An international research team led by scientists at the University of Exeter and the University of Essex have uncovered a link between indicators of gene activity and the disease, which could unlock exciting new avenues of research.


The study is published in Nature Neuroscience and was co-funded by the United States National Institutes of Health, the European Union and the Medical Research Council.


The group investigated changes to the activity of genes which are not caused by variation in the actual genetic code. It is an exciting avenue for research because unlike the DNA sequence, these so-called epigenetic processes can potentially be altered by environmental factors, providing a possible future avenue to influencing their activity.


The researchers studied a type of epigenetic modification called histone acetylation that marks regions of the genome that are active. In cells, DNA is packaged by structures called histones which can be modified to control gene activity. The team quantified levels of histone acetylation across the genome using brain tissue from deceased patients with and without Alzheimer’s disease.


Both increases and decreases in histone acetylation were found across regions of the genome, identifying genes involved in Alzheimer’s disease. Strikingly, they found differences in regulatory regions controlling the expression of both amyloid and tau, two proteins known to be involved in the pathology of Alzheimer’s disease.


This research is the first genome-wide study to investigate histone acetylation in Alzheimer’s disease, and provides a framework for studying histone modification studies in other diseases affecting the brain.
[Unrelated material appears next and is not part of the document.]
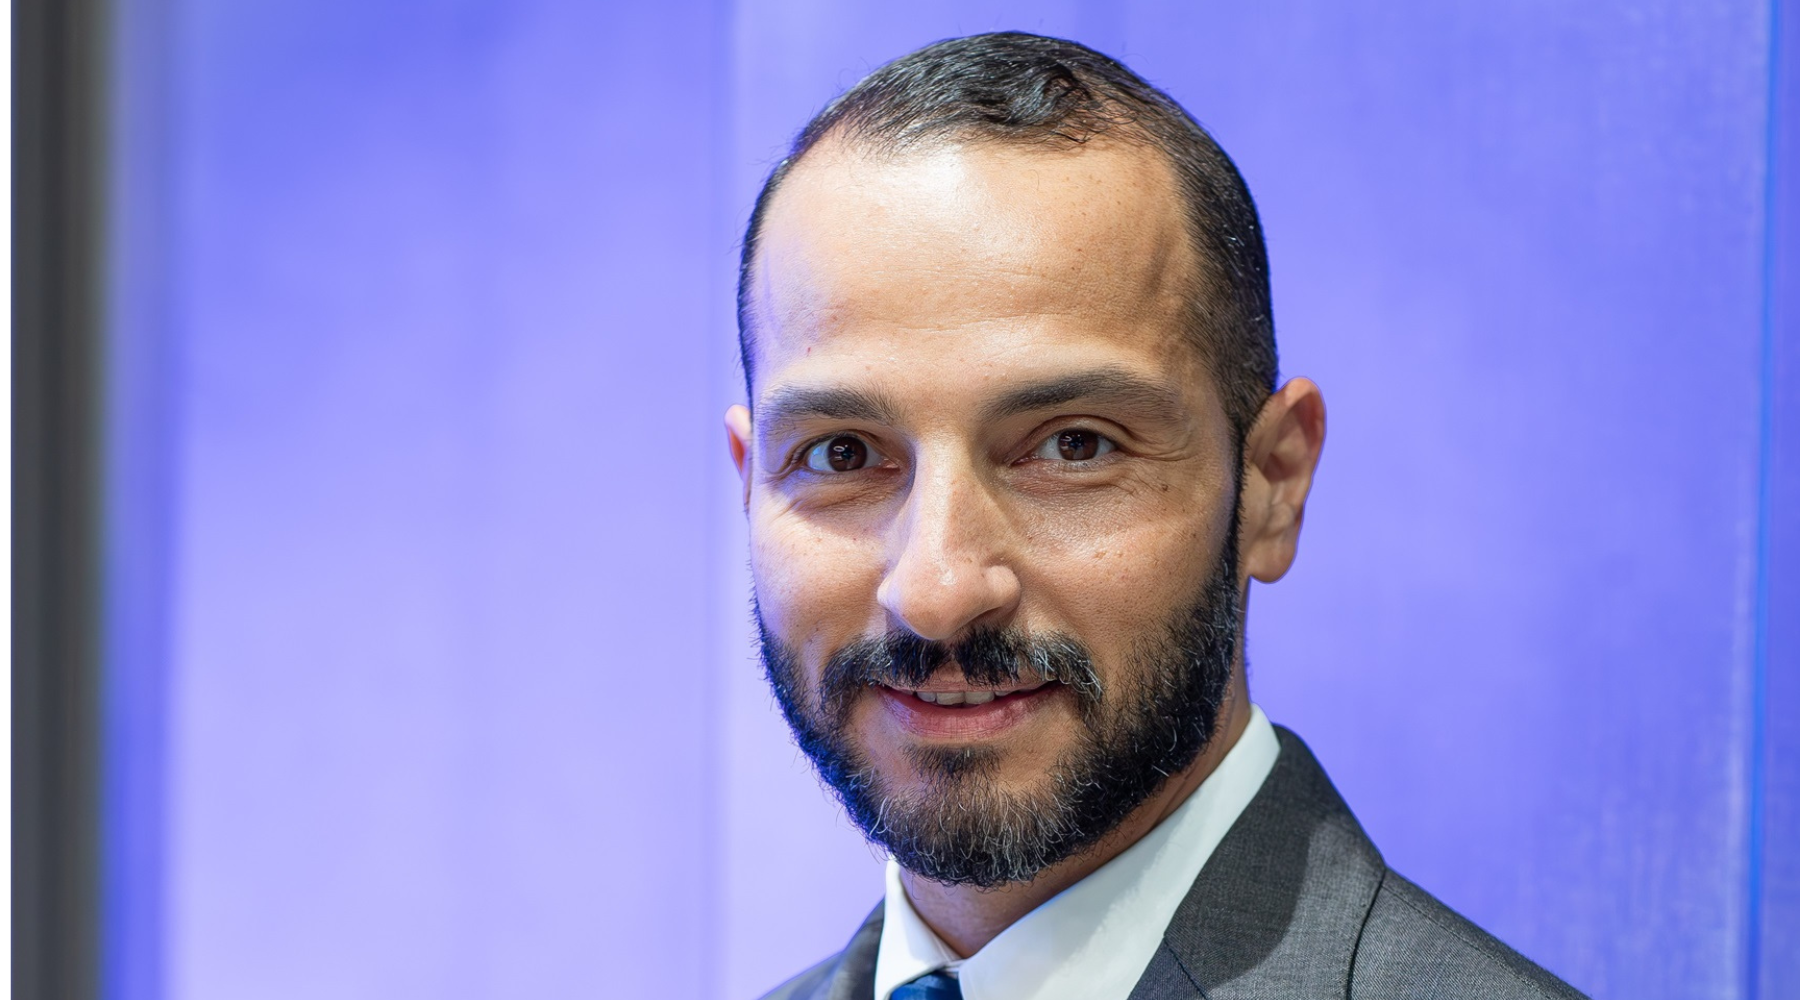 BMW Group Appoints Rami Joudi to Spearhead Corporate Communications

Professor Jonathan Mill, who co-led the study, of the University of Exeter Medical School said: “Our study provides compelling evidence for widespread changes in histone acetylation in Alzheimer’s disease. Although more work is needed to explore whether altered histone acetylation is a cause or a result of the condition, it is interesting that drugs modifying histone acetylation are among the most promising new treatments for Alzheimer’s disease.”


Fellow co-lead Professor Leonard Schalkwyk, from the School of Biological Sciences at the University of Essex, said: "Alzheimer’s affects millions of lives and has been extensively studied but we still haven't got to the bottom of why and how it happens. This is our second large-scale study on the chromosomes of the most-affected parts of the brain, to find different epigenetic differences in how genes are expressed in Alzheimer’s disease compared to an unaffected brain. This is helping to tie different strands of our understanding of the disease together."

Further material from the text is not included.